Of course, in reality these late piano pieces of Schubert, together with the D935 Impromptus and the final three sonatas, are the works of a man who almost certainly knew the end was near. Dying from (probably) syphilis, these works, composed during a remarkable outpouring of late masterpieces, display many emotions, from anger and defiance (the D958 Sonata in C minor) to resignation and valediction (the last Sonata in B-flat, D960). The Impromptus are in many ways miniature versions of these big works: full of variety, containing a broad sweep of emotions from the chillingly bare G which opens the first of the D899 set to serenity of the third in G-flat and the final, life-affirming cadence in A-flat major of the fourth Impromptu.

The Fantasie in F minor, D940, which opens «Resonance de l’Originaire», was composed in 1828, the last year of Schubert’s life, and is written for four hands (two pianists at one piano). It has a four-part structure, not unlike a sonata, but the “movements” run into one another with stylistic bridges between each. Schubert had already explored the Fantasy form in his Wanderer Fantasie D760, a bravura work full of heroism and energy. By contrast, the opening motif of the D940 is elegaic and wistful, a distant horn call accompanied by murmurings in the lower register. In the hands of the pianists on this recording, the mood is melancholy, almost desperately tragic, yet tinged with great tenderness. Typically of Schubert, the mood soon takes a volte face with a new, more hopeful motif in the lower register, and throughout the work there are contrasting shifts of mood from poignant and heart-rending to dramatic, longing, intimate, charming and dance-like, and characteristic shifts between minor and major. The textures, shared between the two pianists, give the work an inner richness, and the reprise of the first theme is a touching reminder of the work’s underlying sadness.

This piece has, on occasion, reduced me to tears, not least for its connection to my emotional crisis mentioned above. When I was fortunate enough to hear it performed live by the artists on this disc, during Maria Joao Pires’ memorable Wigmore Hall residency in 2007, I think I wept throughout the entire performance, moved not only by the music itself, but also the fact that I was in the presence of an artist whom I greatly admired and respected (and continue to).

The other work for four hands on this double cd recording is the Rondo in D951, which provides a delightful salve after the emotional impact of the D940. Maria Joao Pires also plays one of the earlier sonatas, the genial D664 in A, while Ricardo Castro opens the second disc with the D784 in A minor, which shares some of the same emotional territory as the D940 in its sombre opening statement and dramatic Beethovenian gestures throughout the first movement. The final work on the disc is the Allegro in A minor, D947 “Lebensstürme”, also for four hands.

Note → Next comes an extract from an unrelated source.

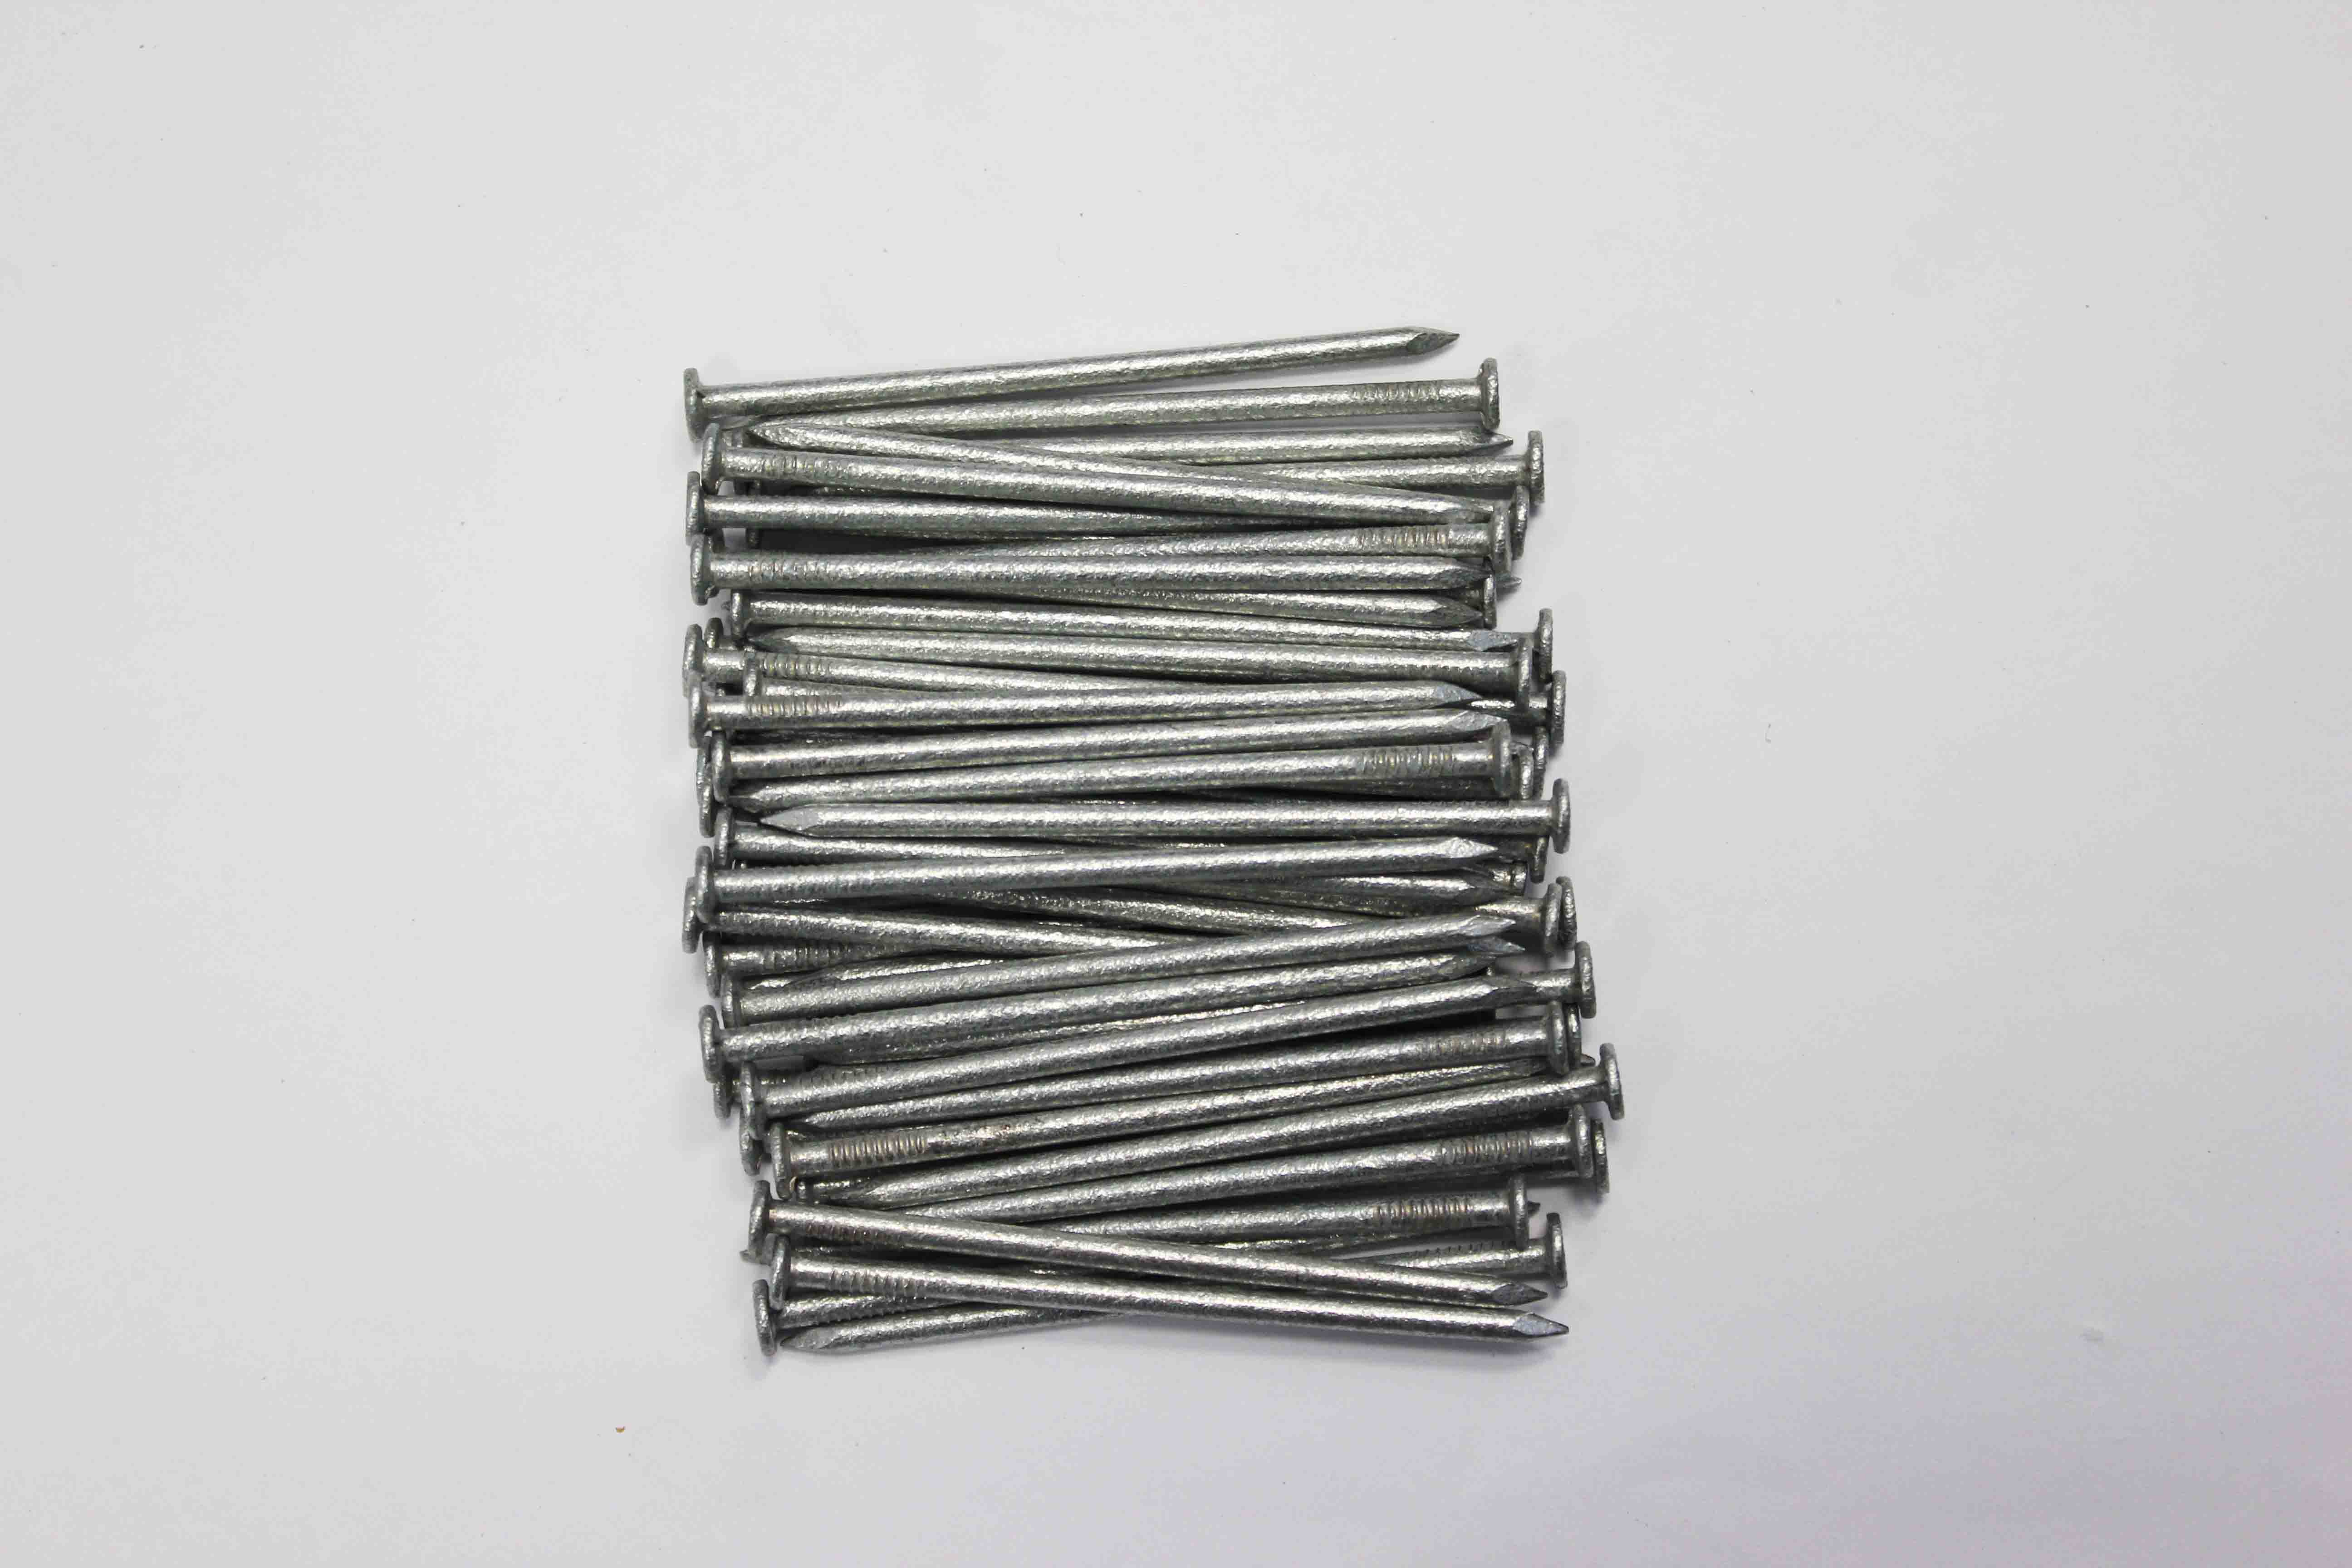 65mm round wire nails

Musically and emotionally Pires and Castro seemed conjoined in the works for four hands on this album, while Pires’ solo performance in the Sonata in A is tender and delicately shaded. (This was more than borne out in their live performances at the Wigmore in 2007.) I haven’t listened to this recording for a long time: for a while, I found it just too painful, but when I decided to launch my new series ‘Music Notes’, it was the one thing I knew I wanted to write about. Listening now, with the benefit of 8 years of hindsight, life experience, this blog, two music Diplomas under my belt, a thriving and popular piano teaching practice, my concert and exhibition reviewing, and many other exciting and stimulating musical and writing activities, I have enjoyed the album for what it is: a sensitive and passionate reading of some of Schubert’s finest music for piano.

Maria Joao Pires returns to the Wigmore Hall later this year for a series of ‘Artist Portrait’ concerts to mark her 70th birthday.